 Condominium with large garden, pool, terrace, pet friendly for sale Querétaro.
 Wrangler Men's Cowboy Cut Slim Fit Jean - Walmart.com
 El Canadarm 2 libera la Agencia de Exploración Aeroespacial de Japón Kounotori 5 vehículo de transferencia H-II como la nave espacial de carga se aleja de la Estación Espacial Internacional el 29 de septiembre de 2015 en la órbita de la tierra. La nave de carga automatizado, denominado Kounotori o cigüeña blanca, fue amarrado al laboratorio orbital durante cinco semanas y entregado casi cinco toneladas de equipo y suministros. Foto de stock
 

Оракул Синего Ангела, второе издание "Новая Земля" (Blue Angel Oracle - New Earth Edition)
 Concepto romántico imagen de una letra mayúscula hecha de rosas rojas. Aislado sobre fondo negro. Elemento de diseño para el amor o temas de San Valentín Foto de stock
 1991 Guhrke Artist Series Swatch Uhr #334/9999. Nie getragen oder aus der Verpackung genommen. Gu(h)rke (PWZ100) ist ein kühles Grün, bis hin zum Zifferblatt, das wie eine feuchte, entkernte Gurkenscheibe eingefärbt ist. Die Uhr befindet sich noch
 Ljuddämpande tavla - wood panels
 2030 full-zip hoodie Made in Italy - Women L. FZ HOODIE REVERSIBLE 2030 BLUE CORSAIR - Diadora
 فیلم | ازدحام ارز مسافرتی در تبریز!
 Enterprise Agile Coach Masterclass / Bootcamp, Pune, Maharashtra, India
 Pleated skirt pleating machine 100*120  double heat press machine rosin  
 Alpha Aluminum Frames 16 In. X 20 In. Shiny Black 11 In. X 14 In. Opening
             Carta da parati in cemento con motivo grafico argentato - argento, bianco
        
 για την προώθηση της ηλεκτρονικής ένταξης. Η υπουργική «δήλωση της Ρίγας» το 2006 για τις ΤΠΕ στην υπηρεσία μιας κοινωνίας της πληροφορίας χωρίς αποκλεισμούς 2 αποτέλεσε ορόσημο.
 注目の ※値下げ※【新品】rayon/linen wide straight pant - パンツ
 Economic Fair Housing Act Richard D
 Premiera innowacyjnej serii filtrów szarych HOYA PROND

+-------+

Return exactly, and only, the lines from the start of the listing through the line with "1991 Guhrke Artist".

**EXERCISE RESULT**.
 Condominium with large garden, pool, terrace, pet friendly for sale Querétaro.
 Wrangler Men's Cowboy Cut Slim Fit Jean - Walmart.com
 El Canadarm 2 libera la Agencia de Exploración Aeroespacial de Japón Kounotori 5 vehículo de transferencia H-II como la nave espacial de carga se aleja de la Estación Espacial Internacional el 29 de septiembre de 2015 en la órbita de la tierra. La nave de carga automatizado, denominado Kounotori o cigüeña blanca, fue amarrado al laboratorio orbital durante cinco semanas y entregado casi cinco toneladas de equipo y suministros. Foto de stock
 

Оракул Синего Ангела, второе издание "Новая Земля" (Blue Angel Oracle - New Earth Edition)
 Concepto romántico imagen de una letra mayúscula hecha de rosas rojas. Aislado sobre fondo negro. Elemento de diseño para el amor o temas de San Valentín Foto de stock
 1991 Guhrke Artist Series Swatch Uhr #334/9999. Nie getragen oder aus der Verpackung genommen. Gu(h)rke (PWZ100) ist ein kühles Grün, bis hin zum Zifferblatt, das wie eine feuchte, entkernte Gurkenscheibe eingefärbt ist. Die Uhr befindet sich noch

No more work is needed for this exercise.